▶ _Problem_: Drop the pictures and repeat the remaining data exactly.

▶ _Collected data_:
■ ■ ■ ■

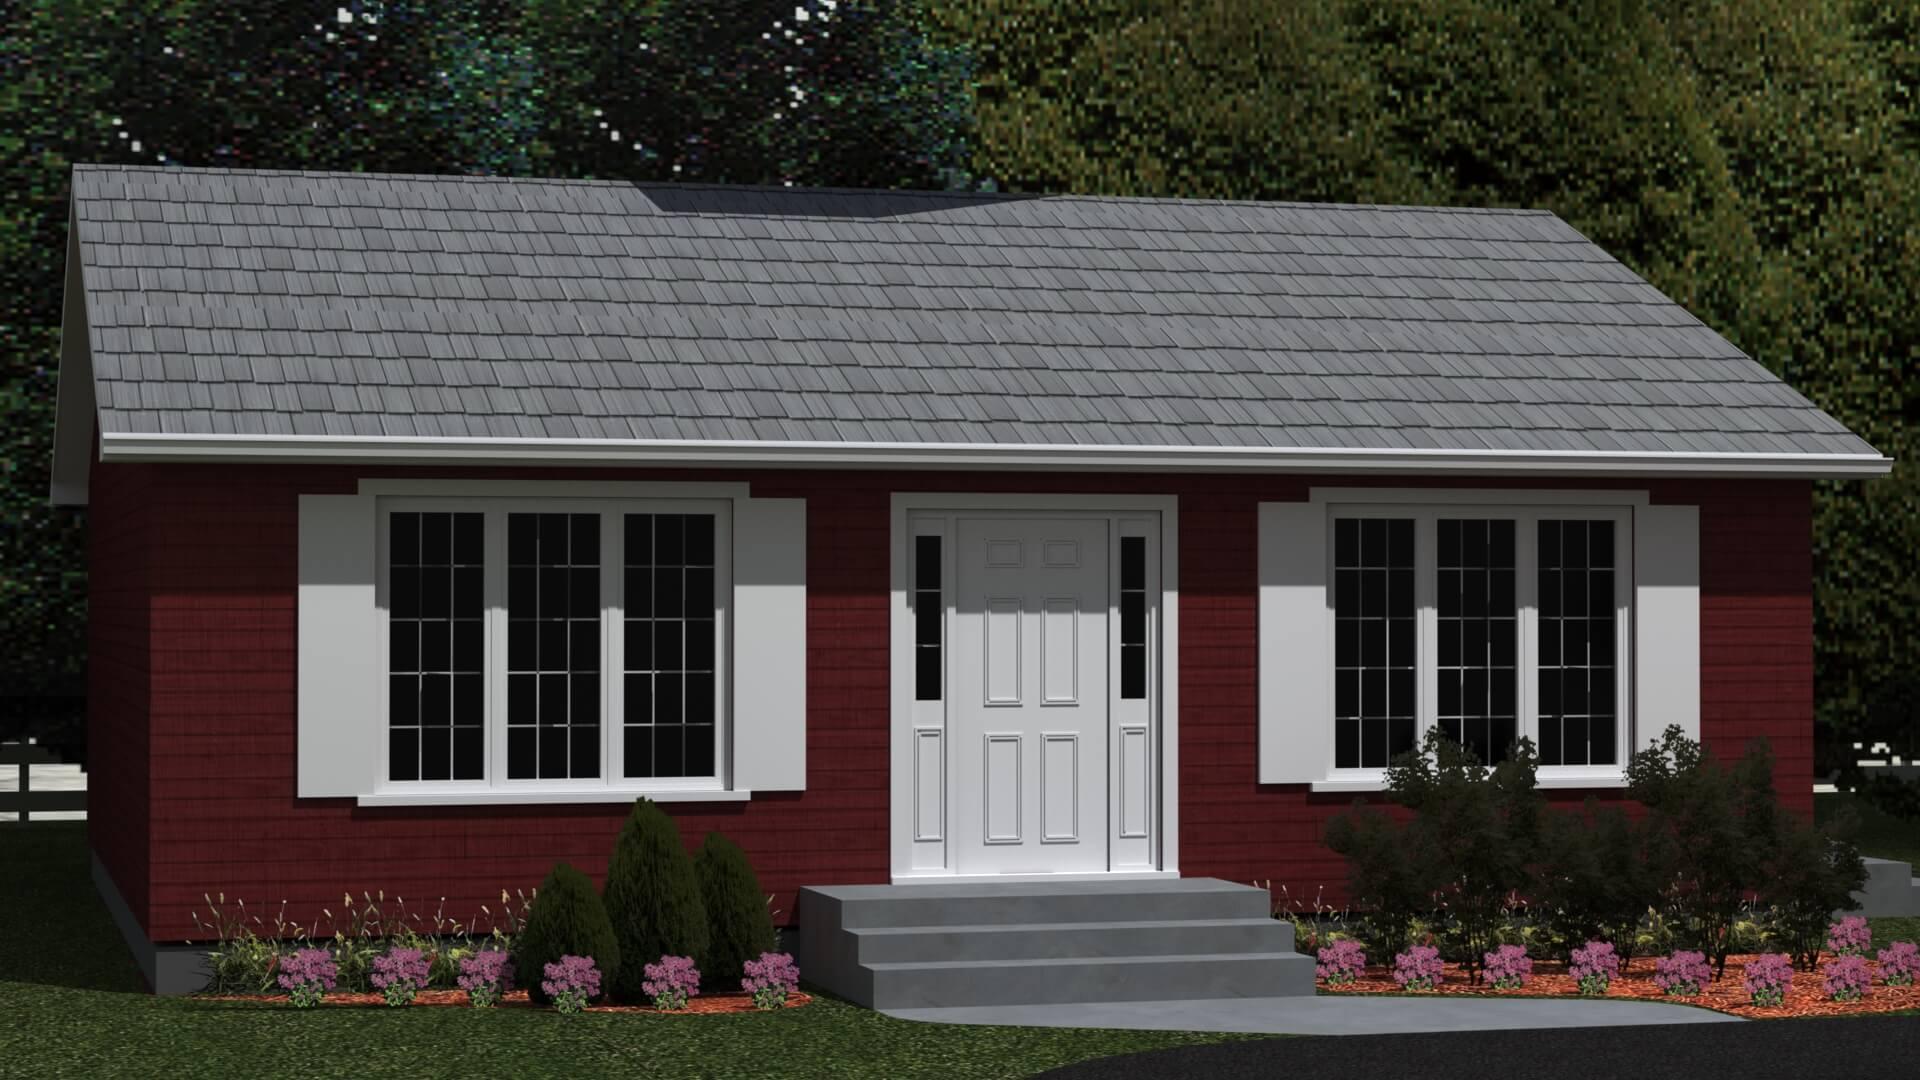 896 house exterior
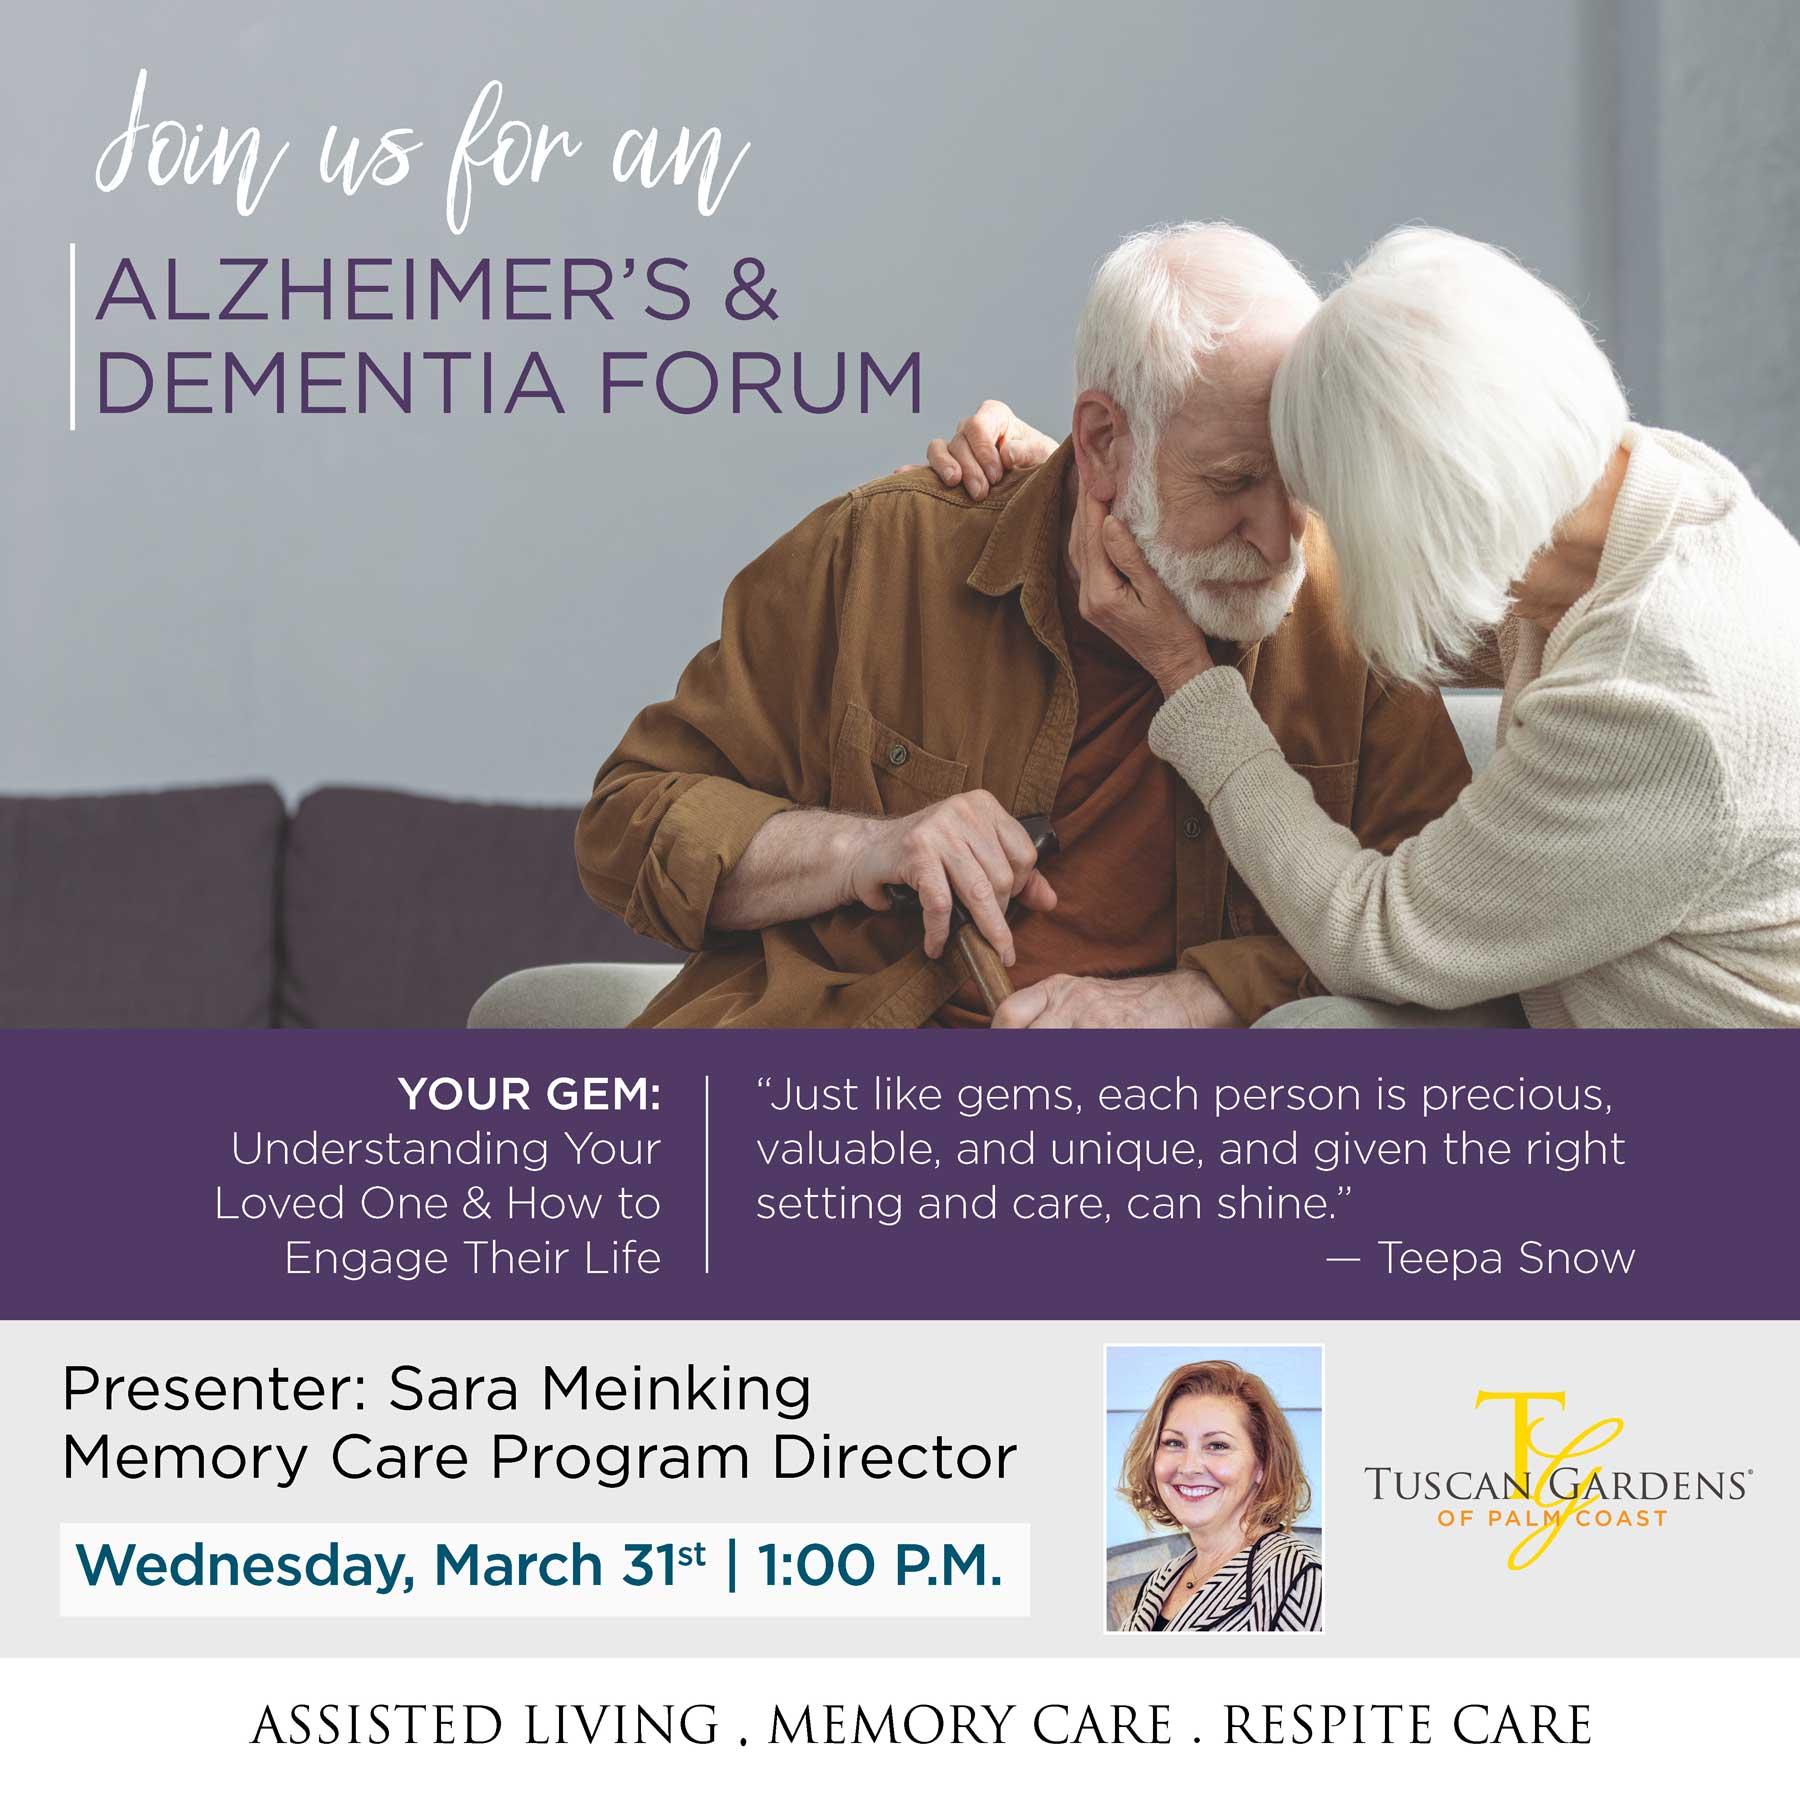 Alzheimer's and Dementia Forum
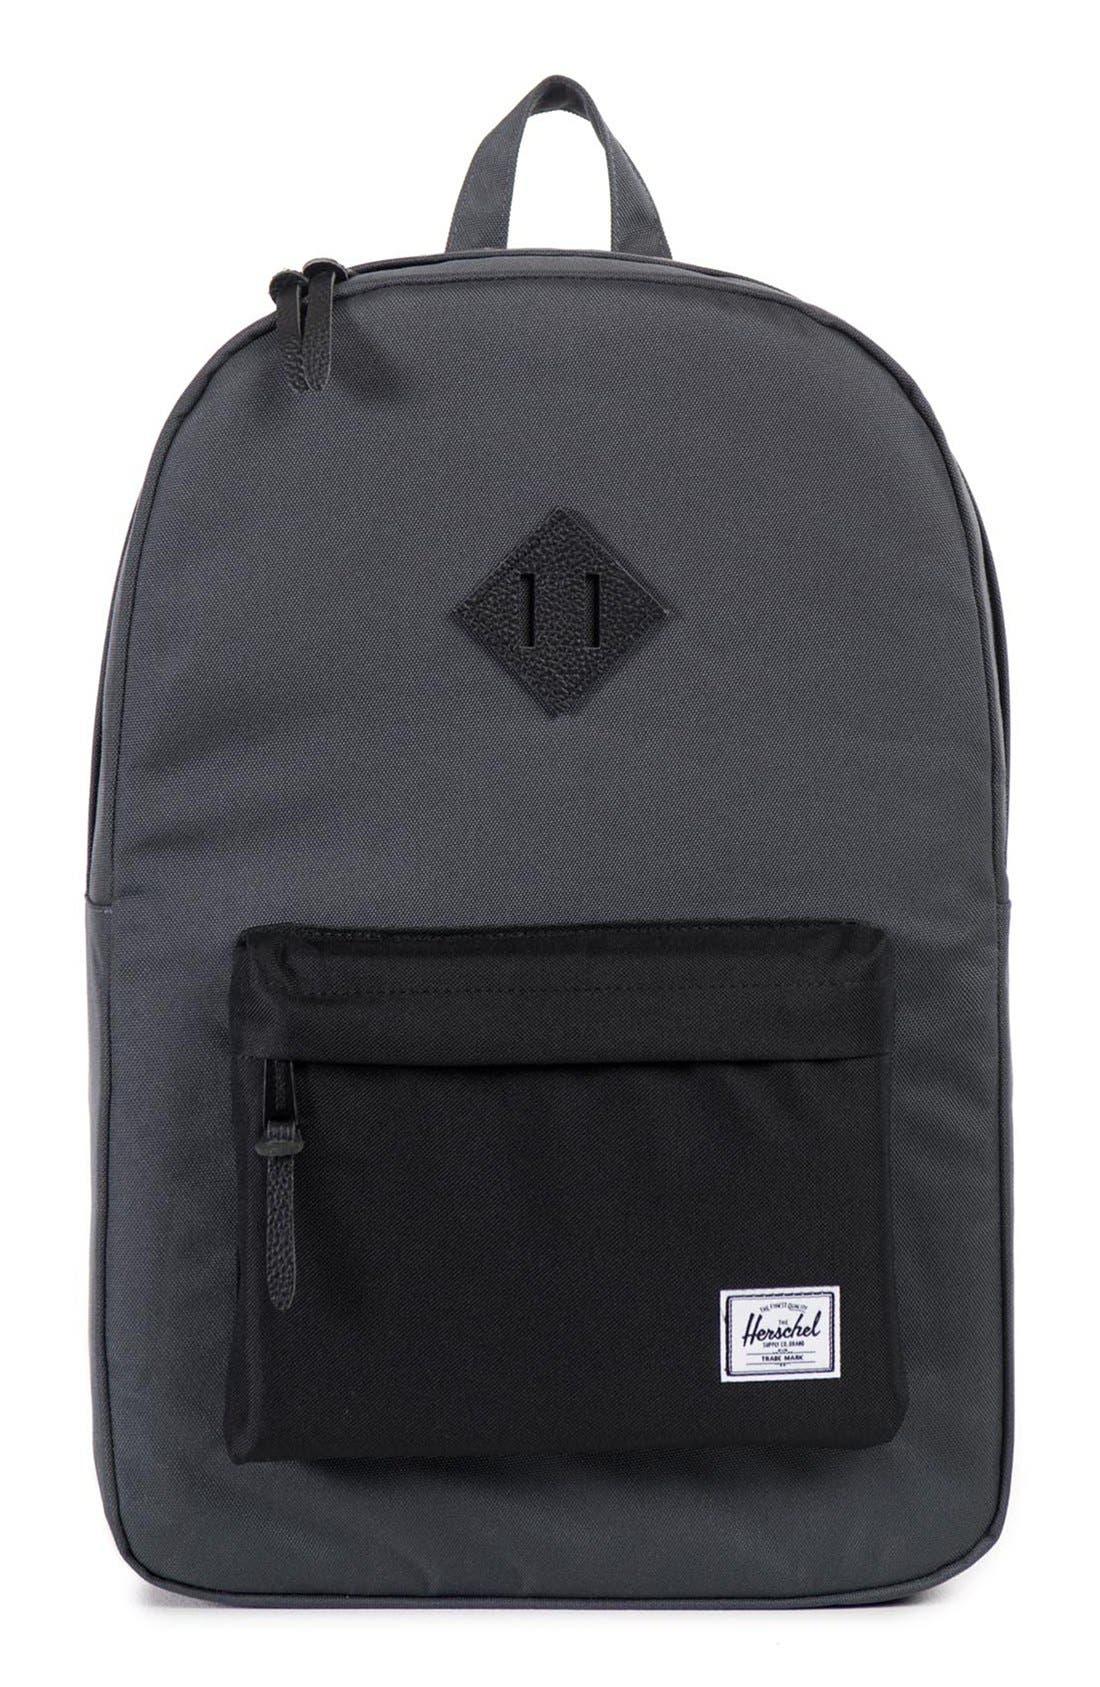 Main Image - Herschel Supply Co. 'Heritage' Backpack

■ ■ ■ ■

▶ _Solution_:
 896 house exterior
 Alzheimer's and Dementia Forum
 Main Image - Herschel Supply Co. 'Heritage' Backpack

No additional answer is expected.